Internally, the original config values are snapshotted, overrides applied, pipeline executed, then originals restored in a `finally` block — so the `AutoML` instance is never permanently mutated by `fit()` kwargs.

---

## 4. Data Profiling (`profiling/data_profiler.py`)

### Purpose

Profile the data **before** any cleaning to capture the "ground truth" state. This raw profile is used for:
- Generating the "Before" side of the Before/After comparison in the report
- Determining which columns are categorical (needed to choose the right encoder)
- Computing the Risk Score

### Output: `DatasetProfile`

A lightweight dataclass (not a copy of the data) containing:
- `n_rows`, `n_columns`, `task_type`
- `numeric_columns`, `categorical_columns`
- `missing_ratio` (per-column dict)
- `duplicate_rows`, `skewed_features`

### Why profile before cleaning?

If we profiled after cleaning, we'd lose the "before" state needed for the transformation journey report. We'd also lose the original column types (encoding changes categorical → numeric).

---

## 5. Data Cleaning (`preprocessing/auto_cleaner.py`)

### The Leakage Prevention Rule

**`fit_transform` on Train only. `transform` on Test.**

This is the most critical rule. If you compute the column mean using the full dataset and use it to fill NaNs, your model indirectly "sees" test data during training (data leakage). OctoLearn enforces this by:

1. Calling `cleaner_.fit_transform(X_train, y_train)` — learns imputation stats from train only
2. Calling `cleaner_.transform(X_test)` — applies the same learned stats to test

### Cleaning Steps (in order)

1. **ID column removal**: Columns with near-unique values (e.g., user IDs) are dropped — they have no predictive value and cause overfitting
2. **Constant column removal**: Zero-variance columns are dropped
3. **Duplicate row removal**: Done on train set only (after split)
4. **Numeric imputation**: `mean` (default) or `median` (more robust to outliers)
5. **Categorical imputation**: `mode` (most frequent value)
6. **Rare category encoding**: Categories appearing < 5% of the time are grouped into "Other" to prevent high-cardinality explosions
7. **One-hot encoding**: Converts categorical columns to numeric (required by most sklearn models)
8. **Scaling**: `StandardScaler` (default) — zero mean, unit variance. Alternatives: `RobustScaler` (outlier-resistant), `MinMaxScaler`

### Why StandardScaler by default?

Most linear models (Logistic Regression, SVM) require scaled features. Tree-based models (Random Forest, XGBoost) don't need scaling but aren't harmed by it. StandardScaler is the safest universal default.

### Imputation Tracking

`auto_cleaner.py` tracks how many columns had missing values imputed and exposes this in `cleaning_log['missing_imputed']`. This feeds into the report's "What OctoLearn Did" section.

---

## 6. Model Training (`models/model_trainer.py`)

### Supported Models

**Classification:**
- `logistic_regression` (sklearn)
- `random_forest` (sklearn)
- `gradient_boosting` (sklearn)
- `xgboost` (xgboost)
- `lightgbm` (lightgbm)
- `svm` (sklearn)

**Regression:**
- `linear_regression` (sklearn)
- `random_forest` (sklearn)
- `gradient_boosting` (sklearn)
- `xgboost` (xgboost)
- `lightgbm` (lightgbm)
- `svr` (sklearn)

### Hyperparameter Optimization: Why Optuna?

| Method | Pros | Cons |
|--------|------|------|
| Grid Search | Exhaustive | Exponential time complexity |
| Random Search | Fast | Misses good regions |
| **Optuna (Bayesian)** | Smart, adaptive | Requires more code |

Optuna uses **Tree-structured Parzen Estimators (TPE)** — a Bayesian method that builds a probabilistic model of which hyperparameter regions give good results, then samples from those regions. This finds better hyperparameters in fewer trials than random search.
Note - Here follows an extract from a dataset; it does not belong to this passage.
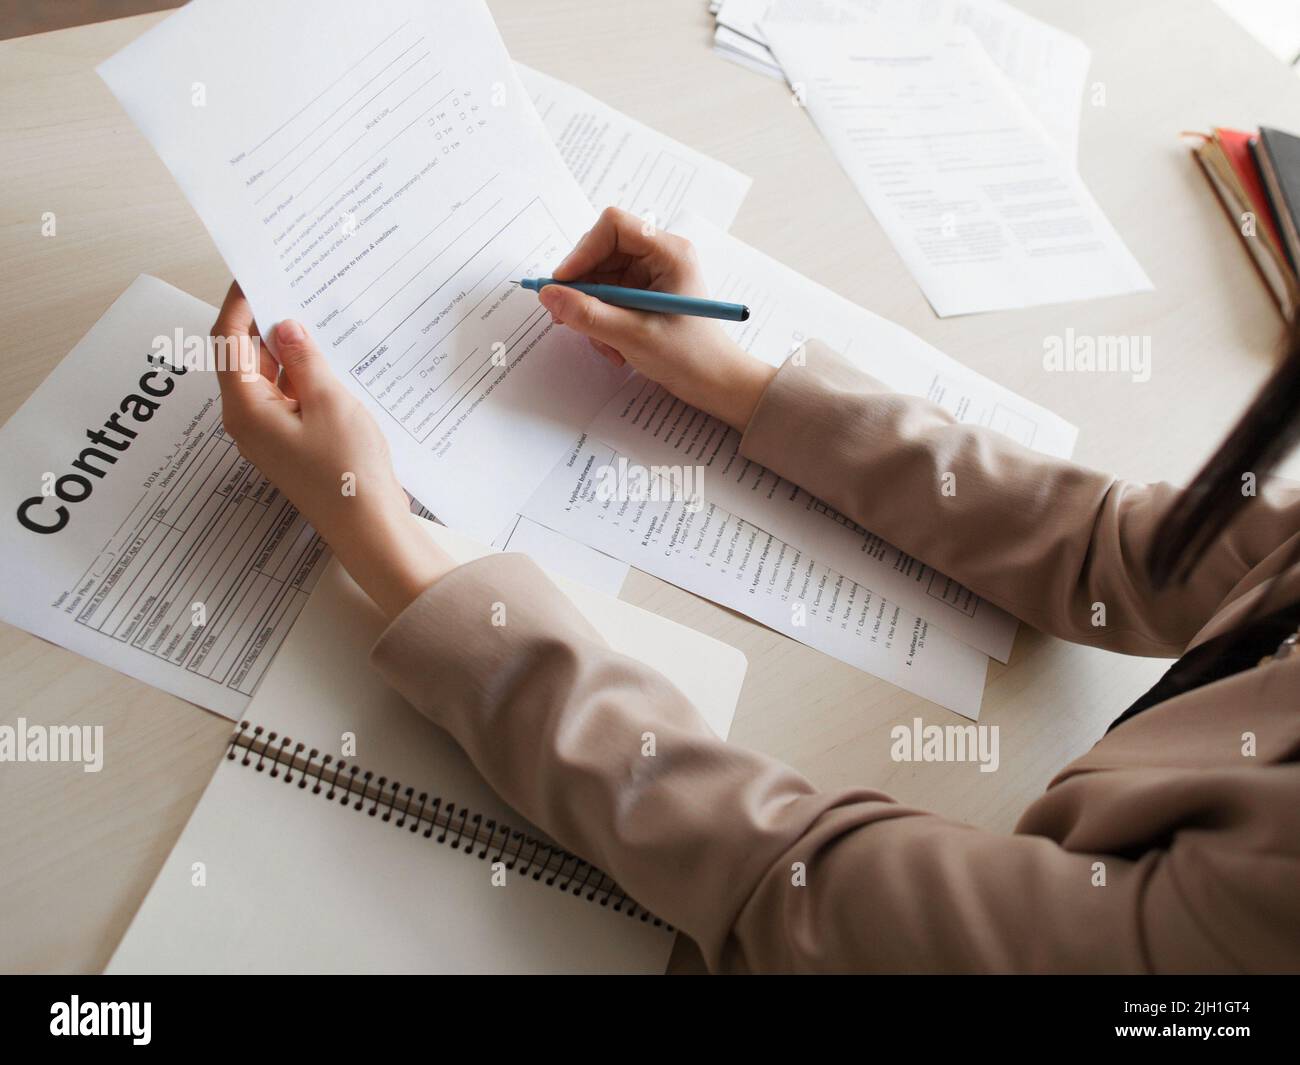 Frau, die einen Arbeitsvertrag unterzeichnet. Nahaufnahme der weiblichen Hände mit Stift, die das Dokument halten. Arbeit, Job, Beruf, Beruf, Rekrutierungskonzept Stockfoto
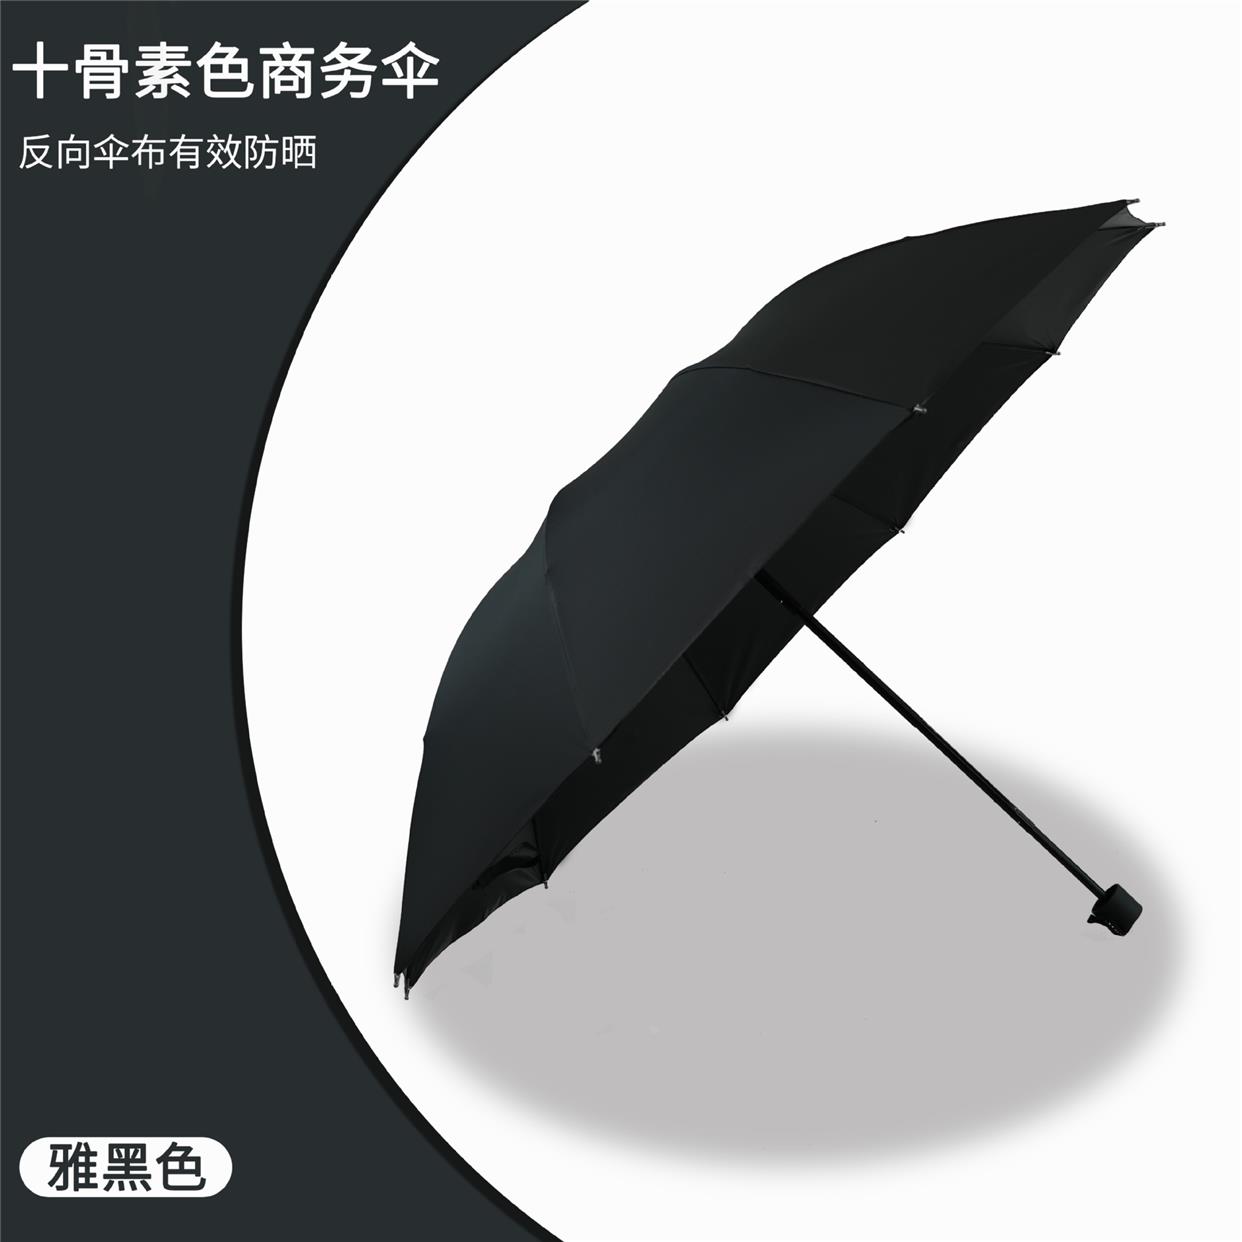 商务雨伞大号超大三折手动太阳伞户外加厚男士遮阳伞广告伞

### Default Hyperparameter Search Spaces

Defined in `config.py` under `OPTUNA_CONFIG['search_spaces']`. Each model has a search space dict mapping parameter names to ranges. The `_optimize_hyperparameters` method in `ModelTrainer` reads these and passes them to Optuna's `trial.suggest_*` API.

### Why `n_trials=20` default?

20 trials is a practical sweet spot:
- Enough for Optuna to explore the search space meaningfully
- Fast enough for interactive use (< 2 minutes per model on typical hardware)
- Users can increase to 50-100 for production runs via `OptimizationConfig(optuna_trials_per_model=50)` or `fit(X, y, optuna_trials=50)`

### Model Selection

After all models are trained, `ModelTrainer` ranks them by the primary metric (F1 for classification, RMSE for regression) on the held-out test set. The best model is stored as `automl.best_model_`.

---

## 7. Report Generation (`experiments/report_generator.py`)

### Technology: ReportLab

ReportLab is a Python library for programmatic PDF generation. Unlike HTML-to-PDF converters (WeasyPrint, wkhtmltopdf), ReportLab:
- Has no external binary dependencies
- Gives pixel-perfect layout control
- Works identically on Windows, Mac, and Linux
- Supports custom fonts (TTF), vector graphics, and canvas-level drawing

### Font: ShantellSans

ShantellSans is a humanist sans-serif font with a friendly, approachable character — appropriate for a data science tool that aims to be accessible. Four weights are registered:
- `ShantellSans-Regular` → body text
- `ShantellSans-Bold` → table headers, emphasis
- `ShantellSans-ExtraBold` → section titles, cover title
- `ShantellSans-Italic` → narrative callouts

Fallback: Helvetica (built into all PDF viewers) if font files are missing.

### Report Structure

| Section | Content |
|---------|---------|
| Cover Page | Logo watermark, title, metadata table, tagline |
| Recommendations | Priority-grouped actions (Critical/High/Medium/Low) |
| Data Story | Narrative introduction to the dataset |
| Data Health Dashboard | Risk score gauge, metric cards, risk factors table |
| Data Transformation Journey | Before/After comparison table + distribution histograms |
| Feature Intelligence | Importance ranking table + horizontal bar chart |
| Model Arena | Champion card + benchmark table |
| Visual Insights | Correlation heatmap + feature distribution plots |
| Advanced Analysis | Outlier detection results, feature interactions |

### Logo Watermark

The cover page uses `canvas.drawImage()` with `setFillAlpha(0.06)` to draw the logo as a large, nearly-invisible background watermark. This is done in the `onFirstPage` callback so it only appears on the cover — not on content pages.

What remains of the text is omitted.